Back in the days when Servers still had 8GB or 16GB memory at most a setting was introduced that guaranteed the hypervisor had a certain amount of free memory to its disposal. The main purpose of this being of course stability of the system. As with any Operating System free memory is desirable to ensure it is available whenever a process requests it.. or should we say World in the case of ESXi.
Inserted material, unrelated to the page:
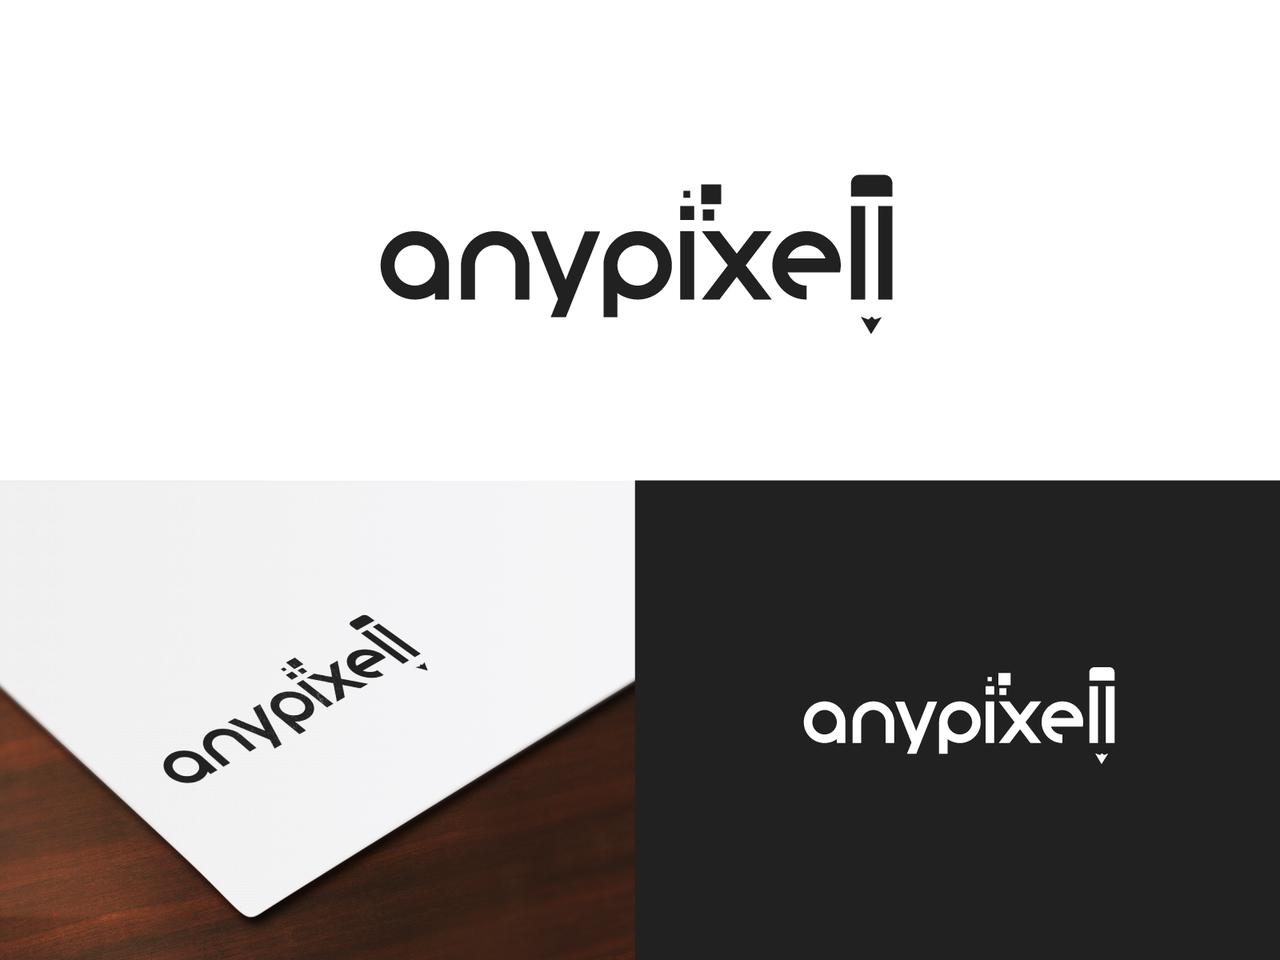 anypixell typography black logo pencil

These days however we hardly see environments with 8 or 16GB hosts…. No, most servers today have a minimum of 48GB and I guess the standard is 72 or 96GB. With 72GB and 96GB being the standard today one can imagine that 6% might be slightly going overboard. Especially in high density environments like VDI every single MB worth of of extra memory can and will be worth it. As such it might be beneficial to change that 6% back to 2%. This KB article has been around for a couple of weeks, and describes just that: http://kb.vmware.com/kb/1033687

Now you might wonder what happens if you change that 6% down to 2% as the memory states are closely related this is what many have published in the past:

6% – High
4% – Soft
2% – Hard
1% – Low

But is that really the case? What if I would change MinFreePct? Well I actually mentioned that in one of my previous articles. MinFreePct is defined as 6% however the other memory states are not fixed but rather a percentage of MinFreePct:

Free memory state thresholds { soft:64 pct hard:32 pct low:16 pct }

So that means that if you change the “High” watermark (6%) down to 2% the percentage that will trigger ballooning / compression / swap will also automatically change. Would I recommend changing MinFreePct? Well it depends, if you are running a high density VDI workload this might just give you that little extra you need but in most other cases I would leave it to the default. (For more on memory tuning for VDI read Andre’s article that he coincidentally published today.)